The Setup & Context
What with my USB Stick dying, I’m recovering that particular “home directory” from backups. I’d been in the middle of splitting it anyway, making what had been about 20 GB of “portable home directory” into 3 smaller bits. Anything that was “just storing files” got moved to general disk storage (i.e. file server or archive). That cut things down to about 3 GB of active “stuff”. That consisted mostly of a few recent files (that is, things downloaded in the last week or two and not moved to real disk), the browser cache (that IIRC I’d set to about 1 GB to minimize internet traffic and lag times), and my mail archive (since Thunderbird et. al. insist on stuffing it into a hidden database in a .directory file.)
So I’d moved all the “just files” off, mostly. My “environment” of personalized commands remained (but is pretty consistent machine to machine anyway) and I’d split the browser image from the email reading image. Then some stuff came up and the project sat at that point for a few months. Then the Monster USB Stick went a bit flaky with a couple of errors, so I made 2 rapid copies and the stick died in the middle of the second one.
Now the fun begins…
Just which image had been the browser one and which was the email target? As I’d not run the email program, and it had been a few months, I sort of lost track (expecting it to be self prompting based on what was on the stick…) Then there’s the fact that that sudden upgrade required from the kernel being shown to have a security flaw and a couple of more bits has my current desktop not showing Thunderbird at all anyway… Sigh.
So tonight I went through and counted up 9 major images of my home directory in storage… There’s at least 2 from before the split, about 9 months ago. A couple from the emergency dump, one short. Another from a few months back, and then a couple from about last December to this February. Most of them from after the split.
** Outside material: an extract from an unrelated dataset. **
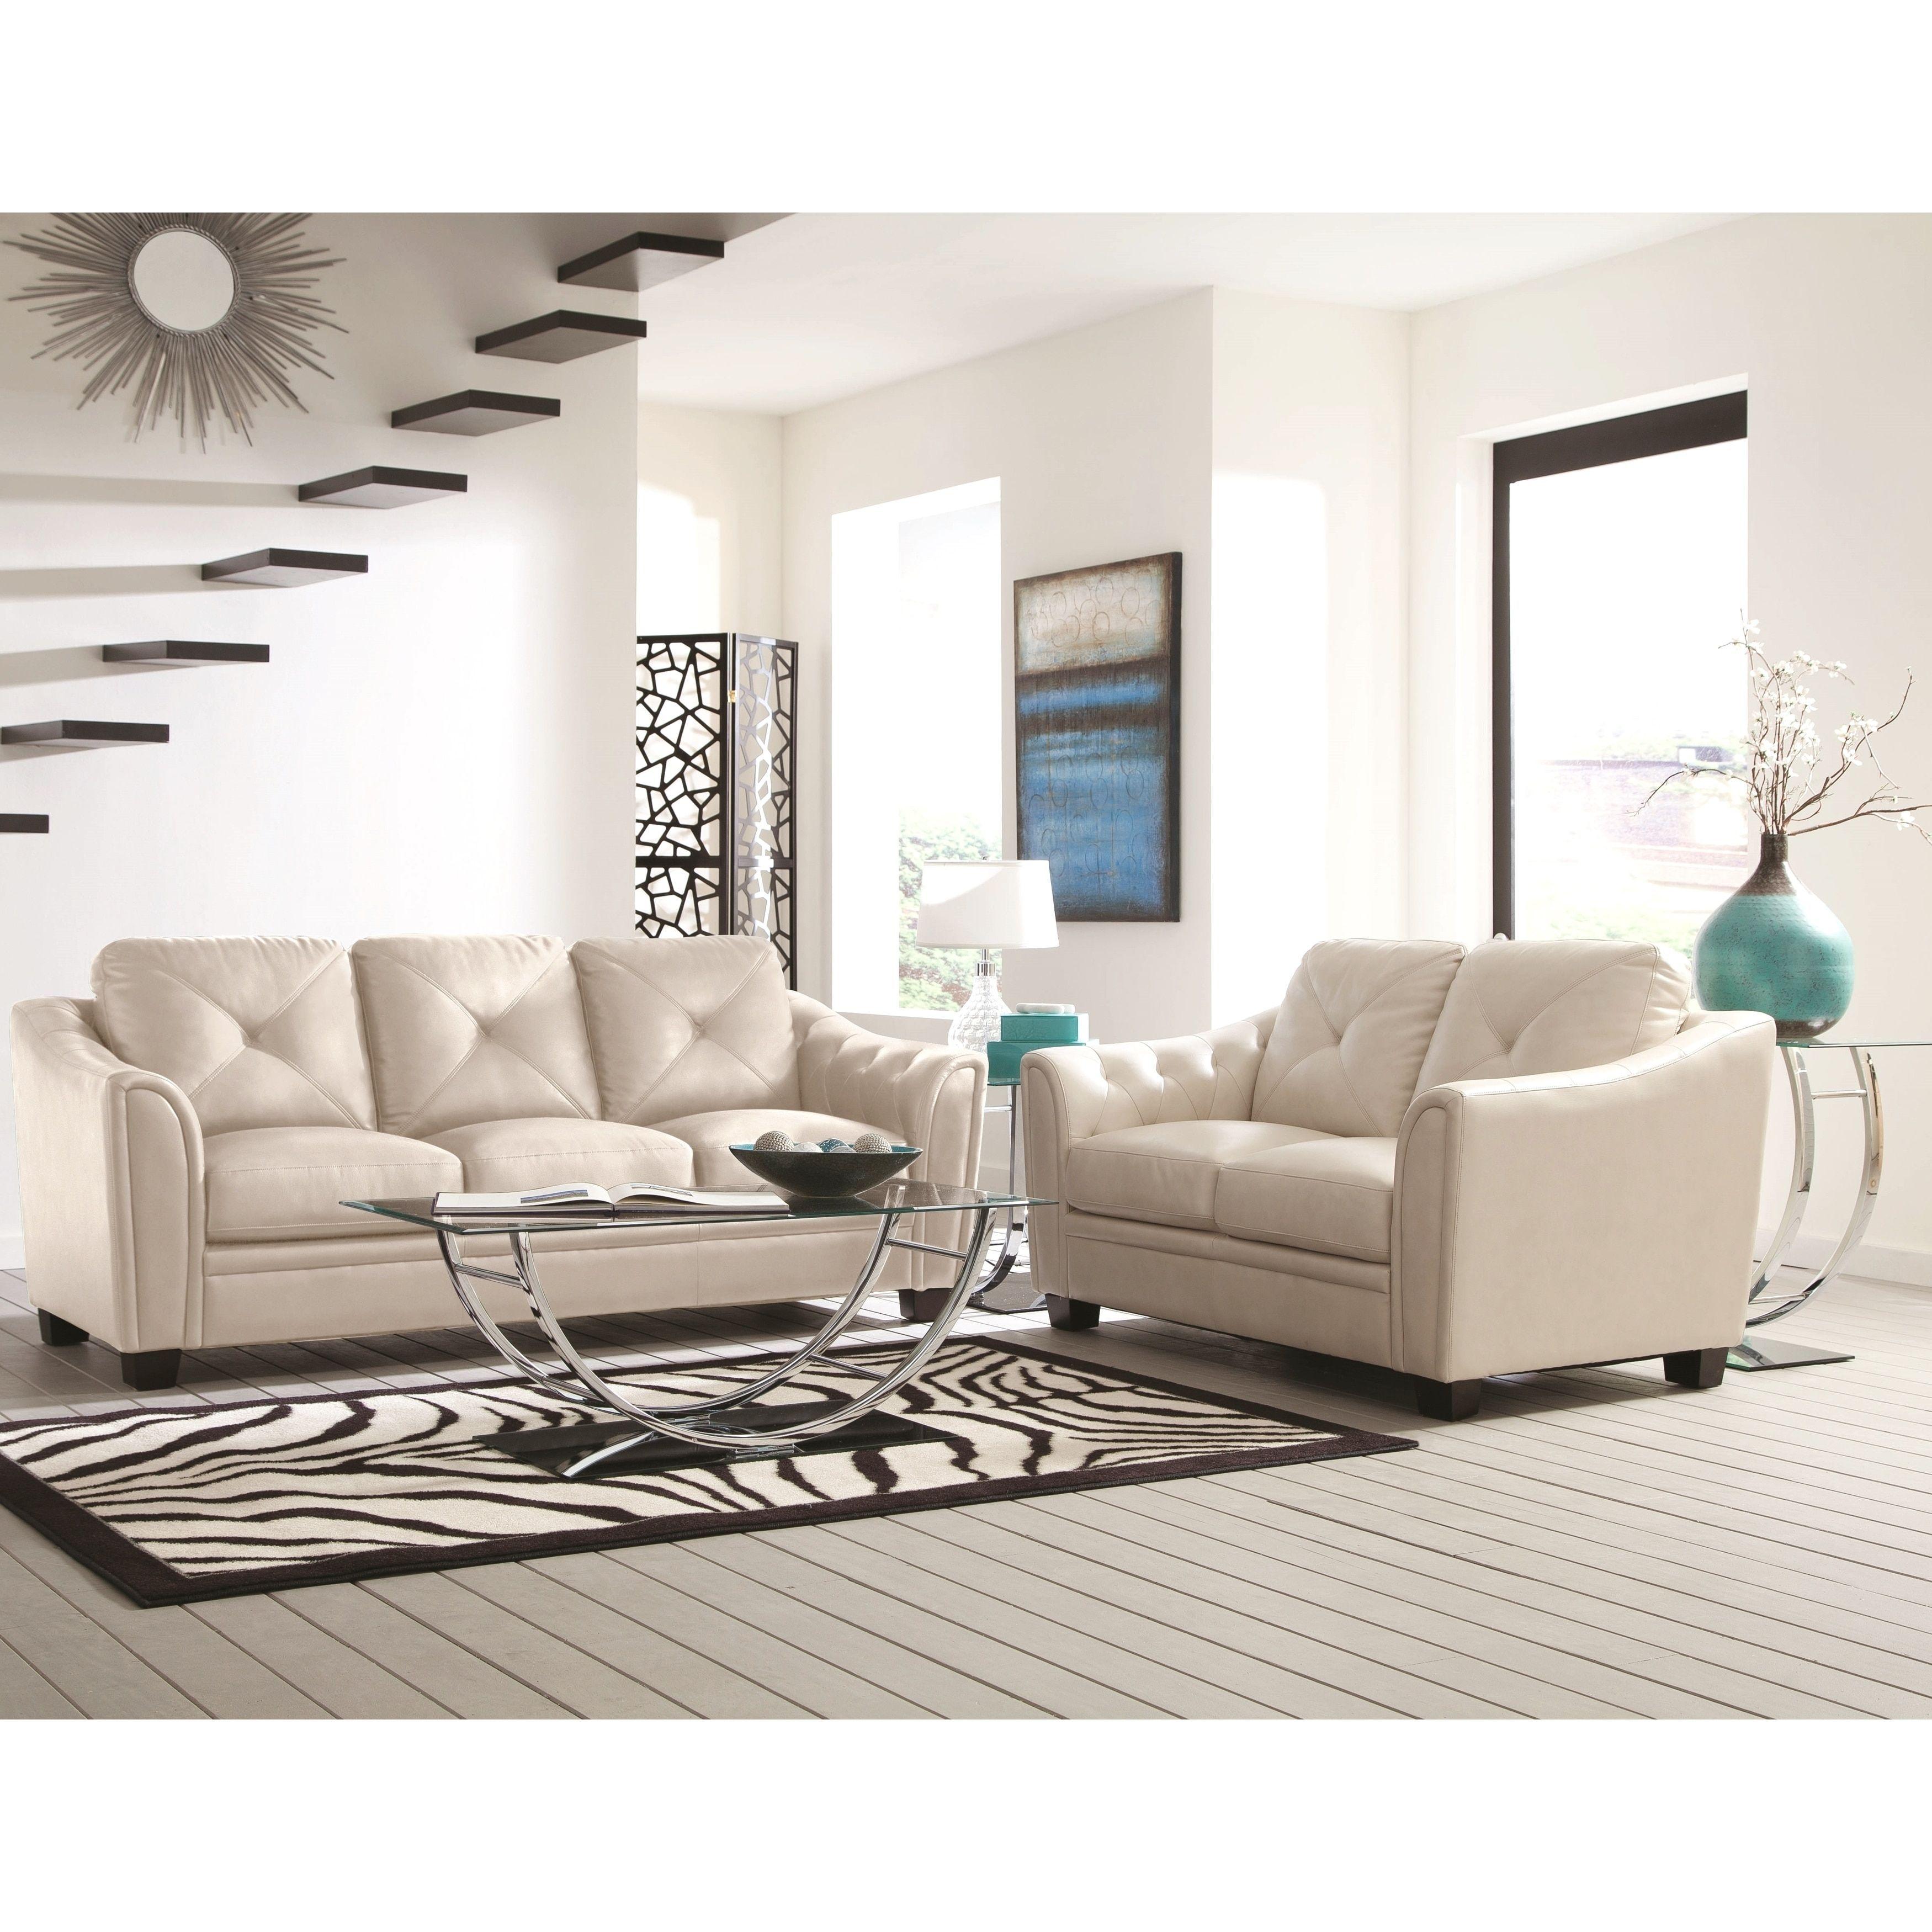 lacasta mid century modern tufted design cream ivory living room

So tomorrow I get to start sorting out who’s a what. Is the first of the emergency copies good? Is the biggest latest post-split copy from about 5 months back “new enough”? Do I “unscramble the split” before I proceed, or try to just recover the one post split part that failed? Fairly trivial for the simple files. The browser cache I don’t care about. The more tricky bit is the email archive as it is in hidden database files where you can’t easily inspect them.
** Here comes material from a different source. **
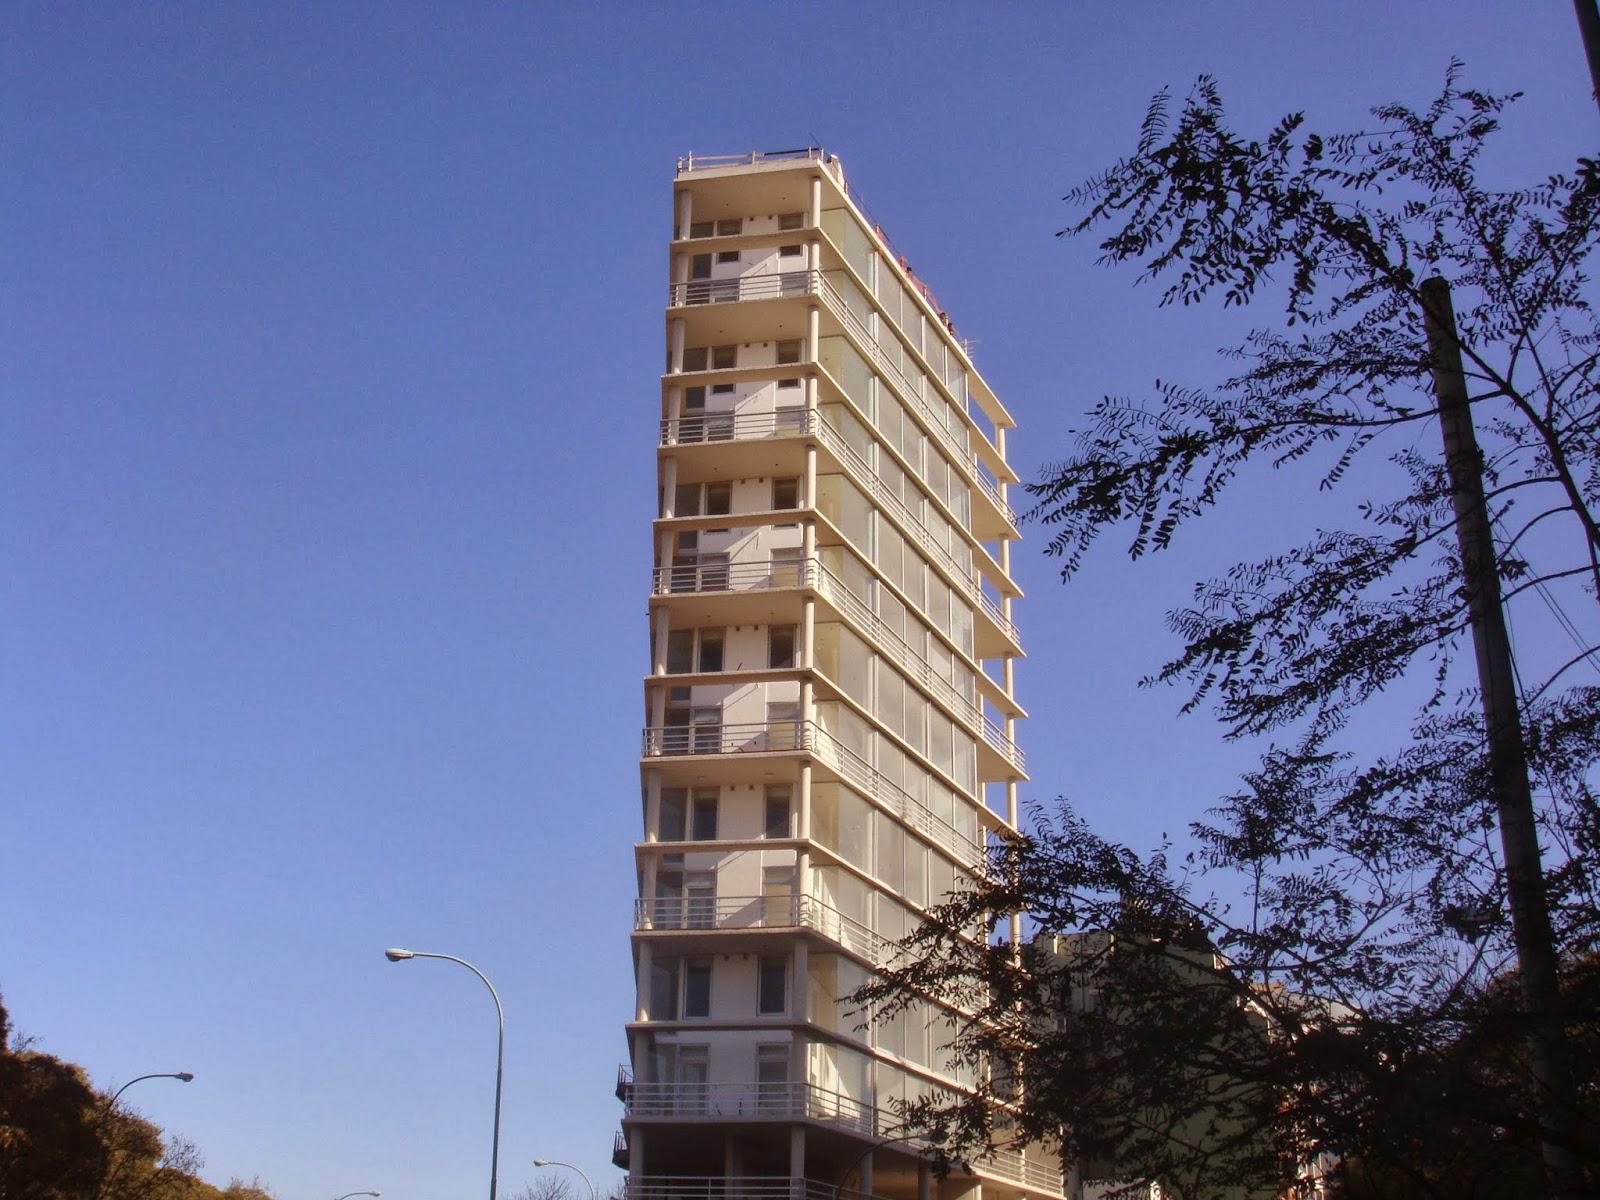 Mala informaci n es un accidente mortal evitable busco for Busco arquitecto

The “Good news” is that I’d not cleared email from my ISP since before the split (just read it via the web page), so I’ve not lost anything. “Worst case” is I just restore the last pre-split image and then go through the same “split” process but as I go to move, say, a pdf file to the pdf folder in archives discover it’s a duplicate. Repeat for 15 GB…
Hopefully the first emergency copy is complete and a comparison with the prior images will confirm it for the email database.
But Along The Way – File Systems!
So I had to find those images and herd them together. A few dozens of GB scattered over a few disks ( I’d just used what was fast for the ‘quick copies’) I noticed that a couple of the disks were ext4. Some folks might remember my blue streak when I discovered that “new” ext4 would automagically transition your “old” ext4 disk to the new journalling formats and method; but rendered the disk unusable and un-fsck-able on older systems using the “old” ext4 file system. That is just “so wrong”. They ought to have called the “new” ext4 by the name ext5 and given you a choice not to be “converted”. Folks like me who move disks between systems get “converted and stuck”.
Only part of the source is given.